3
$\begingroup$

I have no idea how to do this, it seems so complex I do not know what to do.

$$\int_0^1 x\sqrt{2- \sqrt{1-x^2}}dx$$

I tried to do double trig identity substitution but that did not seem to work.

  • 0
    For future reference, searches like "integral of x sqrt(2 - sqrt(1 - x^2)) dx" on http://www.wolframalpha.com/ often work. (Hit "show steps...")2012-06-05
  • 0
    There are often multiple ways to solve these integrals, as demonstrated below. You just have to experiment with different substitutions.

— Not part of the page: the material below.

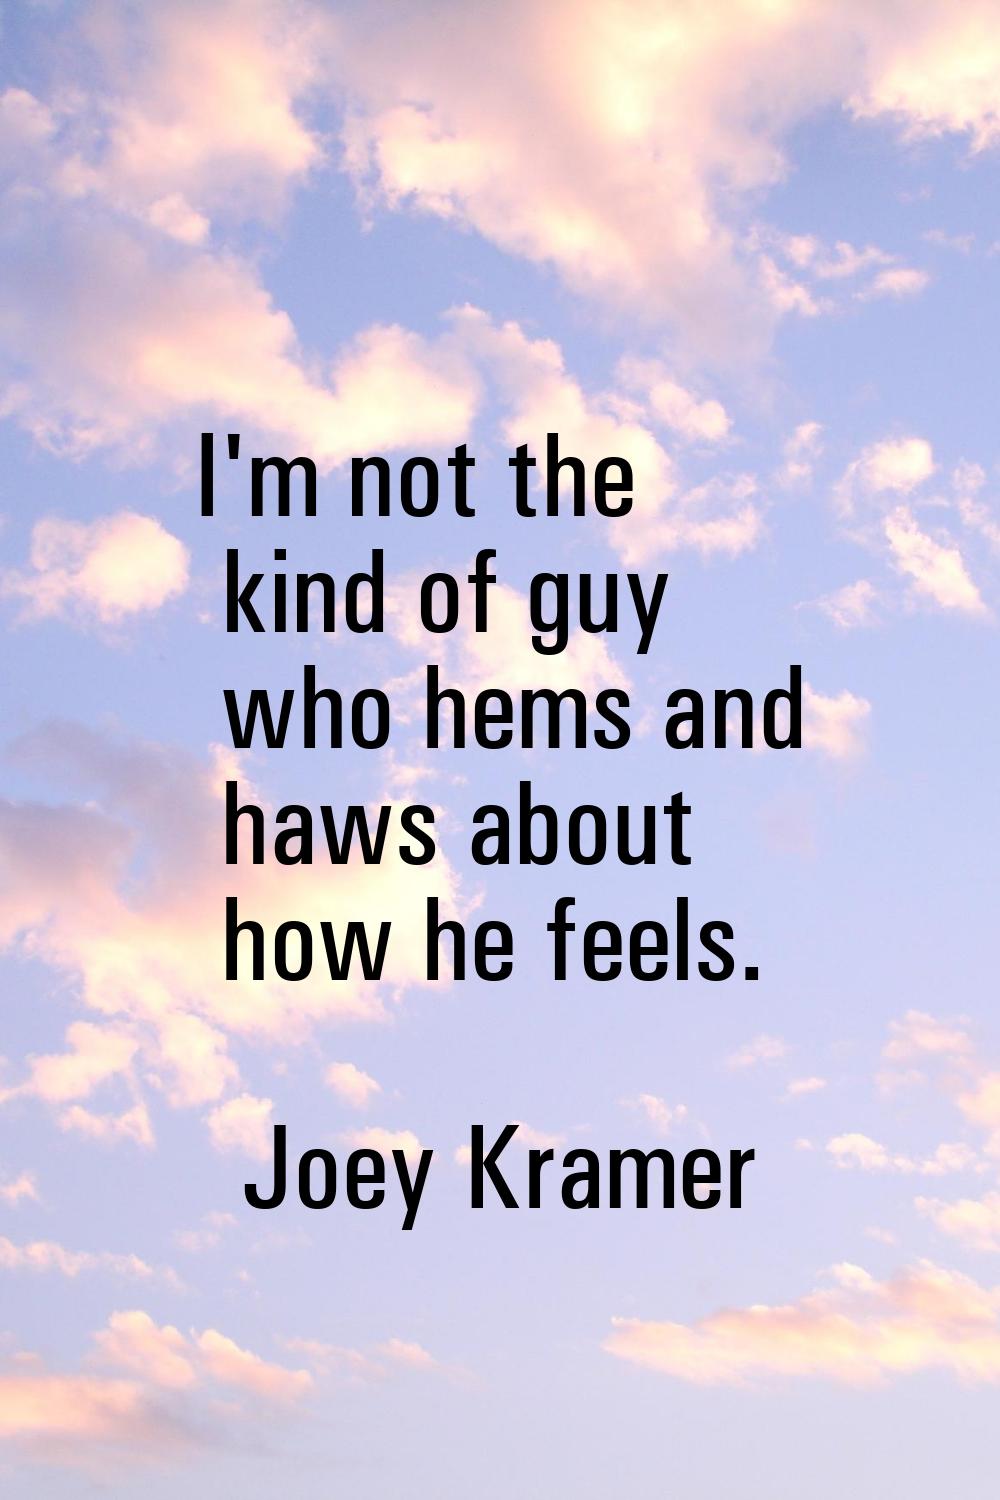 I'm not the kind of guy who hems and haws about how he feels.

Also bear in mind that these integrals are designed to be solved, so there is usually a simple trick. If you see a $1-x^2$, we can try sin or cos because that will get rid of a square term. If you have linear terms you can try making a substitution by changing the term that is in an awkward place, for example under a square root sign.2012-06-05

2 Answers 2

11

Since you tried to use a trig identity, I'll use one in this solution. Let $x = \sin \theta$ so that $1 - x^2 = 1 - \sin^2 \theta = \cos^2 \theta$, and $\mathrm d x = \cos \theta \mathrm{d}\theta$. Our integral becomes:

$$ \int_0^{\frac \pi 2} \sin \theta \cos \theta \sqrt{2 - \cos\theta} \mathrm d \theta.$$

Now set $u = \cos\theta$ to give $\mathrm d \mathrm u = - \sin \theta \mathrm d \theta$. Our integral becomes

$$\int_1^0 - u\sqrt{2-u} \mathrm \ \mathrm d u.$$

Can you solve that?

  • 0
    All I used here was that $\sin ^2 \theta + \cos ^2 \theta = 1$. That is the most important trig identity for these types of integrals (IMO).2012-06-05
  • 0
    I do not understand what you did to change the bounds. I can not solve the problem from there.2012-06-05
  • 1
    sin(π/2) = 1 , sin(0) = 0, cos(π/2) = 0, and cos(0) = 12012-06-05
  • 0
    Follow the rules given in your notes. hungr has explained the bounds, and in order to solve it, simply make a linear substitution to get rid of the 2-u from under the square root sign.2012-06-05
  • 0
    To add more detail to the bounds part, because I changed variable by letting $x = \sin\theta$ and $x$ was already in my equation, I had to apply $\operatorname{arcsin}$ to the bounds. In the 2nd substitution, I just applied $\cos$ to the bounds in the standard way.2012-06-05
  • 0
    I think this solution is wrong, I could not get it but wolfram alpha gives me an answer with imaginary numbers.2012-06-05
  • 0
    OK, just substitute $v = 2-u$, then $\mathrm d v \mathrm =- d u$, so this will give us the integral $$\int_1^2 (2-v) \sqrt{v} \mathrm d v.$$ This is definitely correct.2012-06-05
5

Here is how I would do it, and for simplicity I would simply look at the indefinite integral. First make the substitution $u = x^2$ so that $du = 2xdx$. We get: $$\frac{1}{2} \int \sqrt{2-\sqrt{1-u}} du$$ Then, make the substitution $v = 1-u$ so that $dv = -du$. We get: $$-\frac{1}{2} \int \sqrt{2 - \sqrt{v}} dv$$ Then make the substitution $w = \sqrt{v}$ so that $dw = \frac{1}{2\sqrt{v}} dv$ meaning that $dv = 2w \text{ } dw$. So we get: $$-\int \sqrt{2-w} \text{ } w \text{ } dw$$ Now make the substitution $s = 2-w$ so that $ds = -dw$ to get: $$-\int \sqrt{s}(s-2) ds$$ The rest should be straightforward.